I suggest that if there is a sudden drop in Reward, you can restart the training a few times to get the effect similar to the paper:)

For the second question: If you want to train cylinders using the SAC algorithm, you can compare these two files: launch_multiprocessing_traning_cylinder.py and launch_multiprocessing_traning_square.py. You need to put the cylinder changes into launch_multiprocessing_traning_square.py of the square cylinder:

foam_params = {
    'delta_t': 0.0005,
    'solver': 'pimpleFoam',
    'num_processor': 5,
    'of_env_init': 'source ~/OpenFOAM/OpenFOAM-8/etc/bashrc',
    'cfd_init_time': 0.005,
    'num_dimension': 2,
    'verbose': False
}

entry_dict_q0 = {
    'U': {
        'JET1': {
            'q0': '{x}',
        },
        'JET2': {
            'q0': '{-x}',
        }
    }
}

entry_dict_q1 = {
    'U': {
        'JET1': {
            'q1': '{y}',
        },
        'JET2': {
            'q1': '{-y}',
        }
    }
}

entry_dict_t0 = {
    'U': {
        'JET1': {
            't0': '{t}'
        },
        'JET2': {
            't0': '{t}'
        }
    }
}

agent_params = {
    'entry_dict_q0': entry_dict_q0,
    'entry_dict_q1': entry_dict_q1,
    'entry_dict_t0': entry_dict_t0,
    'deltaA': 0.05,
    'minmax_value': (-1.5, 1.5),
    'interaction_period': 0.025,
    'purgeWrite_numbers': 0,
    'writeInterval': 0.025,
    'deltaT': 0.0005,
    'variables_q0': ('x',),
    'variables_q1': ('y',),
    'variables_t0': ('t',),
    'verbose': False,
    "zero_net_Qs": True,
}
state_params = {
    'type': 'velocity'
}

In fact, these are some changes to the jets in the OpenFoam case, which will become clearer if you look further. Good luck:)

iamysy · 2022-11-10T03:08:45Z

Thank you! @1900360
The answer solved some of my confusion!
With regard to two questions, according to your method, I will observe again. I hope we will have more communication in the future.
Thank you again!^

iamysy · 2023-03-15T13:42:24Z

Hello, I am still doing similar work recently, I would like to ask you, if I want to break the limit of 100 trajectory, where do I need to change it? I have tried to change step-per-epoch to 200 and max_episode_timesteps to 200, but I still keep only 100 tracks in the environment.
In addition, I have another question to ask you.
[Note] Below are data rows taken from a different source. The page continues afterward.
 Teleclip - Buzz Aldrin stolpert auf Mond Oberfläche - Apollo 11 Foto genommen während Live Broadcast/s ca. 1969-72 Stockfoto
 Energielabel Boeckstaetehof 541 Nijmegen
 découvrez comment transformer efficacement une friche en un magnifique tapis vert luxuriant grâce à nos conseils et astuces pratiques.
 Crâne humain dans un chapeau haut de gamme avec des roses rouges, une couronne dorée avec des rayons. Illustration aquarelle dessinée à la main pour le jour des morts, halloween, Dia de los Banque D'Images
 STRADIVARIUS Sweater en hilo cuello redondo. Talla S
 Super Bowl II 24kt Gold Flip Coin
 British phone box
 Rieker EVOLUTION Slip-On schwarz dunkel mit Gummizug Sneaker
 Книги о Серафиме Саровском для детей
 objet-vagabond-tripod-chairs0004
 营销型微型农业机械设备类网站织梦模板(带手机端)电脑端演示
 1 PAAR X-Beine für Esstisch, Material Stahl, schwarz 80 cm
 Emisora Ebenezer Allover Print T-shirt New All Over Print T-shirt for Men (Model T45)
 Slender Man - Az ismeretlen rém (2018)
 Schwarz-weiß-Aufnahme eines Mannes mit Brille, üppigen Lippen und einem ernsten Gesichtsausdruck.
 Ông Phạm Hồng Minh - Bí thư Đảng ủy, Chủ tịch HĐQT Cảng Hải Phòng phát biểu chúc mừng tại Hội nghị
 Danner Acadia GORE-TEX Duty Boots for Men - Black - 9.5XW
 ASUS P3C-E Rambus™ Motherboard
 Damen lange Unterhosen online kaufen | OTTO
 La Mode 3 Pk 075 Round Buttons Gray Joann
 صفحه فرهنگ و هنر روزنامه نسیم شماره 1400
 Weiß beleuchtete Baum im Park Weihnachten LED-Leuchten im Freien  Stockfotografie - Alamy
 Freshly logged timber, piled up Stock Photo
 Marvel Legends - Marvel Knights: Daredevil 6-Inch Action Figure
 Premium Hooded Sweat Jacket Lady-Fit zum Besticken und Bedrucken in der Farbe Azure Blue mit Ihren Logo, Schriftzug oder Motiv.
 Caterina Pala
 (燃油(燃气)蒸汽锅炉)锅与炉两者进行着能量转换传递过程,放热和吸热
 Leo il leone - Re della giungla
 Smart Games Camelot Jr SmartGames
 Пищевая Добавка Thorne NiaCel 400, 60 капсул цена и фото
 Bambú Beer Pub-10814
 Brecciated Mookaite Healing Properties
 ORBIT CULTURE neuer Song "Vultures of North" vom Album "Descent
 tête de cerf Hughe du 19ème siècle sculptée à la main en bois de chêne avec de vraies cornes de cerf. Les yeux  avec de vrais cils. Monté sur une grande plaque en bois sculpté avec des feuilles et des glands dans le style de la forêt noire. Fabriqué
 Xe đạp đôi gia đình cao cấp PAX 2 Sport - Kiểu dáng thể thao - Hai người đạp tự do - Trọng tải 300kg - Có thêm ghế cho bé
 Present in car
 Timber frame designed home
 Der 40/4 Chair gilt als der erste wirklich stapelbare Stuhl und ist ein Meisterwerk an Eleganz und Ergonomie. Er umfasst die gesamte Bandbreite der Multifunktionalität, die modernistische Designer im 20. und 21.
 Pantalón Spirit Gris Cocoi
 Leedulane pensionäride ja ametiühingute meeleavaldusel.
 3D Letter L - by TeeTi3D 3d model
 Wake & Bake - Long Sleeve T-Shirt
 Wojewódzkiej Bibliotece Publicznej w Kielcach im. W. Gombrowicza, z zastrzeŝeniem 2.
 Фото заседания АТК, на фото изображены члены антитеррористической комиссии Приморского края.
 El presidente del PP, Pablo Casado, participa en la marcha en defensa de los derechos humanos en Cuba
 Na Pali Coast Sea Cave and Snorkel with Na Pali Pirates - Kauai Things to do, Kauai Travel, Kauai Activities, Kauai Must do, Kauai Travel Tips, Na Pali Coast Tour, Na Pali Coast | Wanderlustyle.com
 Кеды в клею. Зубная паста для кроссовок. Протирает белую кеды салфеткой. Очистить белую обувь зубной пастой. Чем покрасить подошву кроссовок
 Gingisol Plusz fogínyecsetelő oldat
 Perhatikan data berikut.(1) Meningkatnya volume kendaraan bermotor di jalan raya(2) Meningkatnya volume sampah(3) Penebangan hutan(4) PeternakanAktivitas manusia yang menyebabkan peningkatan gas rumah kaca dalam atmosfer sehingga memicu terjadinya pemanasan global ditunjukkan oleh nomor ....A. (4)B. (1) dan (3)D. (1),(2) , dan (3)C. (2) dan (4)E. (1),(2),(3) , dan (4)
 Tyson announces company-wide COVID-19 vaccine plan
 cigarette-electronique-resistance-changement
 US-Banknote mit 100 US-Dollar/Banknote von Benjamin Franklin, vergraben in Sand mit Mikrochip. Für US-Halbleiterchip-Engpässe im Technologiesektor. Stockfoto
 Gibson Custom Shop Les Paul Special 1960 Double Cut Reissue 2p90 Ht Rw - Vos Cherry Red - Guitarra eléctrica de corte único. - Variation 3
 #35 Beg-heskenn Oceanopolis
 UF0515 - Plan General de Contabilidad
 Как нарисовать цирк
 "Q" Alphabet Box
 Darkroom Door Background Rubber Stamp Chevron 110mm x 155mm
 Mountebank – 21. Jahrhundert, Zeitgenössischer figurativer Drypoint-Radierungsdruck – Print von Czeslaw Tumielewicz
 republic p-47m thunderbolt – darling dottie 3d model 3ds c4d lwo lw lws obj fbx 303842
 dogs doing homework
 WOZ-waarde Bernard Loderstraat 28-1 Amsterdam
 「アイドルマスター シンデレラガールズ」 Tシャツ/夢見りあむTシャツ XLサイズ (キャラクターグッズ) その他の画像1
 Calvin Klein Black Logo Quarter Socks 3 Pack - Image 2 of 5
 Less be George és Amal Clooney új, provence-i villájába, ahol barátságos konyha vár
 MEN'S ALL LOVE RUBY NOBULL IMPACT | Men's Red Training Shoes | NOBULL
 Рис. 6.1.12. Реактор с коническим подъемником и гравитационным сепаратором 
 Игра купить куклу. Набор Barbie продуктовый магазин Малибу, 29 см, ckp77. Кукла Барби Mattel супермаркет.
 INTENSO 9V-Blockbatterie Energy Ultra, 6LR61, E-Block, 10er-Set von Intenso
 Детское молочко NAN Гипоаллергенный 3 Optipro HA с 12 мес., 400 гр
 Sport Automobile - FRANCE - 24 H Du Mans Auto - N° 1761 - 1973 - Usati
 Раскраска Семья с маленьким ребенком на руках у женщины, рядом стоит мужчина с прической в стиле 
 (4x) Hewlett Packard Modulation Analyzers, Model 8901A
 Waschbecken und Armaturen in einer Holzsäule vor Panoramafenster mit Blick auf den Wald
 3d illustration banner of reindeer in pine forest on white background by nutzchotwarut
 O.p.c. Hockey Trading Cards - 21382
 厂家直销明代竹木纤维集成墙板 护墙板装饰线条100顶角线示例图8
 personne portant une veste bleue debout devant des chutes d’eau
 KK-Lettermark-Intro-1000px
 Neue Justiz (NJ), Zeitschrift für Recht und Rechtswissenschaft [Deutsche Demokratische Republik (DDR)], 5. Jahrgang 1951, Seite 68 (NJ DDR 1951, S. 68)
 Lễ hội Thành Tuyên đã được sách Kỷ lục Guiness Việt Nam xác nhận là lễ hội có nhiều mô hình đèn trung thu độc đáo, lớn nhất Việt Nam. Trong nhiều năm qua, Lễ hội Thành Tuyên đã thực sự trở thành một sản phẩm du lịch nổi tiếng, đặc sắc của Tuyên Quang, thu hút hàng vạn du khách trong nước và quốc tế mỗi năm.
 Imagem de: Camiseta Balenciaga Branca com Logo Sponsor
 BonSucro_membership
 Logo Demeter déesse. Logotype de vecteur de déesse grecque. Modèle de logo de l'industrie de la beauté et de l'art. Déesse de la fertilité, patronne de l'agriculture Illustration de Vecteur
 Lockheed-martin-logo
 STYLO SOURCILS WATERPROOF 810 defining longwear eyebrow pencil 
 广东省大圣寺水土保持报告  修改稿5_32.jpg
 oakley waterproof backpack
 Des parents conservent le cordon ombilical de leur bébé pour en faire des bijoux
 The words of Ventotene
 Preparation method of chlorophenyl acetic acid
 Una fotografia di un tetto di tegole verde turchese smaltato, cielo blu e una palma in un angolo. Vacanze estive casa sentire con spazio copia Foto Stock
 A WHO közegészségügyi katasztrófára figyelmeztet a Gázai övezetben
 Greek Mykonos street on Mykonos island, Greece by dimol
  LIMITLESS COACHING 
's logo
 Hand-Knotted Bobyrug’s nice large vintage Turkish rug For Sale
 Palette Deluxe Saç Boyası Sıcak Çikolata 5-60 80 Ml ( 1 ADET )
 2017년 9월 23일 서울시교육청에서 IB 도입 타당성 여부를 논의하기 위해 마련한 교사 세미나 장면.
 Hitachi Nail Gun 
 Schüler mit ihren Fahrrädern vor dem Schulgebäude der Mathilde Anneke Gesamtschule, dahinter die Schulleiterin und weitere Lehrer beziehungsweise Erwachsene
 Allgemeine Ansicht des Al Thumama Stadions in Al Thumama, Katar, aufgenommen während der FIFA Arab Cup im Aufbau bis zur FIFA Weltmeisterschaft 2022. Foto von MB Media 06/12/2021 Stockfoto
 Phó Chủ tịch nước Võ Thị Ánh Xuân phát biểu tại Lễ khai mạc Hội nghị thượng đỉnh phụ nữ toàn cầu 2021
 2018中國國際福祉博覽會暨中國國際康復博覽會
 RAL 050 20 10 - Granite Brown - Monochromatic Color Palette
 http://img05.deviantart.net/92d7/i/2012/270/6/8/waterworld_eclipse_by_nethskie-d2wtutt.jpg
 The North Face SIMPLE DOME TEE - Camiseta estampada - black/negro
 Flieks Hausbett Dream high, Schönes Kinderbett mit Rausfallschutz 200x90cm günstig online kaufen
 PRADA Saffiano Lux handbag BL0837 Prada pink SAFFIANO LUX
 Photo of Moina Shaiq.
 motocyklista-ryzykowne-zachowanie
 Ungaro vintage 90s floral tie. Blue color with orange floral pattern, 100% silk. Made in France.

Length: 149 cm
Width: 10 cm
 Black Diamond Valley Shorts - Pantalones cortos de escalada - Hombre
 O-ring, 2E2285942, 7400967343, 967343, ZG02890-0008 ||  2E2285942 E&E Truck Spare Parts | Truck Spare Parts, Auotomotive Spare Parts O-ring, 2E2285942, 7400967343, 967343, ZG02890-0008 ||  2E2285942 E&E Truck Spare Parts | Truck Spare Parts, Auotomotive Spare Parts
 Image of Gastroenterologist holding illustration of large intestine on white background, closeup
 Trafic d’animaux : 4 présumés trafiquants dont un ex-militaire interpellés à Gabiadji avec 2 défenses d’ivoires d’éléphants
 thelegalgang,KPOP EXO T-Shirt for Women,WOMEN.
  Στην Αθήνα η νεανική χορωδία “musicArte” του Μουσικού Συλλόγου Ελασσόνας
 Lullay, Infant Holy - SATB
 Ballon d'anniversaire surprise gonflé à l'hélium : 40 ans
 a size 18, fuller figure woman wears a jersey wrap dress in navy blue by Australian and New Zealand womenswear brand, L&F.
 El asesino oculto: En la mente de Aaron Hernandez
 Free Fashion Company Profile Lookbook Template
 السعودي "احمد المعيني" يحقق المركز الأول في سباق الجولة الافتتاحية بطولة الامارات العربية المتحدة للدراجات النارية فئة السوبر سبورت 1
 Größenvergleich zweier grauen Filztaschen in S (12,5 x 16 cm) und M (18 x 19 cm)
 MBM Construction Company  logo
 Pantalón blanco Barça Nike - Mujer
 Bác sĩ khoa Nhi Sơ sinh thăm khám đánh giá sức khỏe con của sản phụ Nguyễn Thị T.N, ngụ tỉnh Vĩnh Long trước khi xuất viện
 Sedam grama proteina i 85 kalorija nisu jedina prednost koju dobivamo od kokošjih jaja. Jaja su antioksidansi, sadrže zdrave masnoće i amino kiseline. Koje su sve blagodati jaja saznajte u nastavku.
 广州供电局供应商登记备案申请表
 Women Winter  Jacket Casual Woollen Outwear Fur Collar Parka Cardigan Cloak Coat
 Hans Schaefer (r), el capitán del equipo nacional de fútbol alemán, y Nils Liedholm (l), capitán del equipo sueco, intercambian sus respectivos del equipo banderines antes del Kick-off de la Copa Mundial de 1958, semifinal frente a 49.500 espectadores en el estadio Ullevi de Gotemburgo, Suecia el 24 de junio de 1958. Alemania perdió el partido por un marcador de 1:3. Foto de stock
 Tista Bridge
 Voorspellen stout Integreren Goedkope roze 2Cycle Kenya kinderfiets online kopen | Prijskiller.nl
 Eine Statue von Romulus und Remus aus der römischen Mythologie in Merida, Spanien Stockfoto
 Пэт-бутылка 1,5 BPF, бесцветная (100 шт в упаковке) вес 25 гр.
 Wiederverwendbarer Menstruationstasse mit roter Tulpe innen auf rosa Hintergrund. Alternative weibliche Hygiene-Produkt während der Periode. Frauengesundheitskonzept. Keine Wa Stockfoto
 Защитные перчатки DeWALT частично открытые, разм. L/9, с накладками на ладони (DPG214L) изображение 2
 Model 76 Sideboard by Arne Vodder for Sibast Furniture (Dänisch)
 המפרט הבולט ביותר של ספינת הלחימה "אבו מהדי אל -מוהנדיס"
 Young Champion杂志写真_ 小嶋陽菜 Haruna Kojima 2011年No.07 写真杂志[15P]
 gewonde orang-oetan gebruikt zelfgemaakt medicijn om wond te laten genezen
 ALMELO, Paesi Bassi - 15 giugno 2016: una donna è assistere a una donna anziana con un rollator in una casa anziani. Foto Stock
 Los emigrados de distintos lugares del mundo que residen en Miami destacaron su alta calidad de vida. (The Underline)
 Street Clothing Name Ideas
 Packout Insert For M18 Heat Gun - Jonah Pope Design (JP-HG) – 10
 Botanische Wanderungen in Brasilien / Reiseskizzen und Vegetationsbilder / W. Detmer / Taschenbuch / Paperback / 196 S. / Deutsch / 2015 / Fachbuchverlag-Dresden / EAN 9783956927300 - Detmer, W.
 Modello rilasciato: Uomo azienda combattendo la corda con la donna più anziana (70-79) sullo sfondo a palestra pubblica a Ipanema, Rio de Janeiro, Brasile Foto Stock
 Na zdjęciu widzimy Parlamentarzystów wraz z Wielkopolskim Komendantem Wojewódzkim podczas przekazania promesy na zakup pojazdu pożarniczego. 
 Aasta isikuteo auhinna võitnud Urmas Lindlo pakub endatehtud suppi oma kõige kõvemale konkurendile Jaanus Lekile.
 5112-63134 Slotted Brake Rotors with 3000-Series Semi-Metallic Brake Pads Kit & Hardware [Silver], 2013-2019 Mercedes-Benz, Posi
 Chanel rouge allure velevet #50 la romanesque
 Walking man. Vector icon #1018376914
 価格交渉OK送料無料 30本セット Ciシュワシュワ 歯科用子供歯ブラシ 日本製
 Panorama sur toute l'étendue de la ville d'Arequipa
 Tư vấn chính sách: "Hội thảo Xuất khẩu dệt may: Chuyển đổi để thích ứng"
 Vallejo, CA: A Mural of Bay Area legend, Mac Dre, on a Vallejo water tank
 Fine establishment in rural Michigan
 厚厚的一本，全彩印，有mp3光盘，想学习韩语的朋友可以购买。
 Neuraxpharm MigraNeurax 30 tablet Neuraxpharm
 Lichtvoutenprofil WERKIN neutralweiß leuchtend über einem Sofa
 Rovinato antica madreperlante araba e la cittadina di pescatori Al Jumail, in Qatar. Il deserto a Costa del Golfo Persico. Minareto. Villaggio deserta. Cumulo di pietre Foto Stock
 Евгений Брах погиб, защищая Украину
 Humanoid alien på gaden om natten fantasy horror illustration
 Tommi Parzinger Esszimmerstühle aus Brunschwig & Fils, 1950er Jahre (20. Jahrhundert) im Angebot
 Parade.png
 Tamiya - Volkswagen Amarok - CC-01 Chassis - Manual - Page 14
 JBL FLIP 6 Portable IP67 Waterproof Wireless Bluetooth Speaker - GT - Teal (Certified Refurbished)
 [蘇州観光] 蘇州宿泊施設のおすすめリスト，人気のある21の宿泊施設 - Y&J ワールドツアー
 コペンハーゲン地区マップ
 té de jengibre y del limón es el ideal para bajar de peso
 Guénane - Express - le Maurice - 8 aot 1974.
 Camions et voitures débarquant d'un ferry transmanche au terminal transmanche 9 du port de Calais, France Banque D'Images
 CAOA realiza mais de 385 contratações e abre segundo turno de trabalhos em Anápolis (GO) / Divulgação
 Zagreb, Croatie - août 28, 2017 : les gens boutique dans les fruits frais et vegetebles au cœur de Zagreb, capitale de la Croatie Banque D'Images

I want to save the case with the best reward function in each parallel environment, so I modified the reset function in environment_tianshou.py, but I can only save fluent.msh, but I can't save anything else. Do you have any solutions to this?


	def reset(self):
		"""Resets the environment to an initial state and returns the initial observation."""
		root_path = os.getcwd()
		env_name_list = sorted([envs for envs in os.listdir(root_path) if re.search(r'^env\d+$', envs)])
		env_path_list = ['/'.join([root_path, i]) for i in env_name_list]
		saver='/best_training_episode'
		if os.path.exists('/'.join([root_path, saver])) == False:
			os.makedirs('/'.join([root_path, saver]))
		if self.num_episode < 0.5:
			os.makedirs(self.foam_root_path + '/record')
		else:
			# Extract the optimal action in the entire episode, skip the first initialization process
			self.episode_reward_sequence.append(self.episode_reward)
			pd.DataFrame(
				self.episode_reward_sequence
			).to_csv(self.foam_root_path + '/record/total_reward.csv', index=False, header=False)
			if self.episode_reward_sequence[-1] == np.max(self.episode_reward_sequence):
				pd.DataFrame(
					self.actions_sequence
				).to_csv(self.foam_root_path + '/record/best_actions.csv', index=False, header=False)
				pd.DataFrame(
					self.history_force_Coeffs_df
				).to_csv(self.foam_root_path + '/record/best_history_force_Coeffs_df.csv', index=False, header=False)
				with open(self.foam_root_path + '/record/info.txt', 'w') as f:
					f.write(f'Current number of best reward episode is {self.num_episode}')
				shutil.rmtree('/'.join([root_path, saver]))
				if os.path.exists('/'.join([root_path, saver])) == False:
					os.makedirs('/'.join([root_path, saver]))
				a = 0
				training_num=1
				for i in  env_path_list[0:training_num]:
					a = str(a)
					src = i
					os.makedirs('/'.join([root_path, saver, a]))
					des = f'{root_path}/{saver}/{a}'
					"""
					for file in os.listdir(src):
						full_file_name = os.path.join(src, file)
						print(f'{root_path}/{saver}/{a}', full_file_name)
						if os.path.isfile(full_file_name):
							shutil.move(full_file_name, des)
					"""
					shutil.copytree(src, des)
					a = int(a)
					a = a+1

I hope my question doesn't seem stupid, and please give me your advice.
Thank you again!^.^

1900360 · 2023-03-17T17:38:12Z

Hi @iamysy !

Well, I think you still have the following parameter unchanged, which is the key to determine the total number of steps each episode runs in each environment:
The code is in here
register( id="OpenFoam-v0", entry_point="DRLinFluids.environments_tianshou:OpenFoam_tianshou", max_episode_steps=100, )
You need to change max_episode_steps = 200

I don't think you need to save the best episode during DRL training. You can use DRL test function(that is no exploration). The desired episode can be obtained from testing by using the training convergence policy. Thanks for your reminding, I will update this function later.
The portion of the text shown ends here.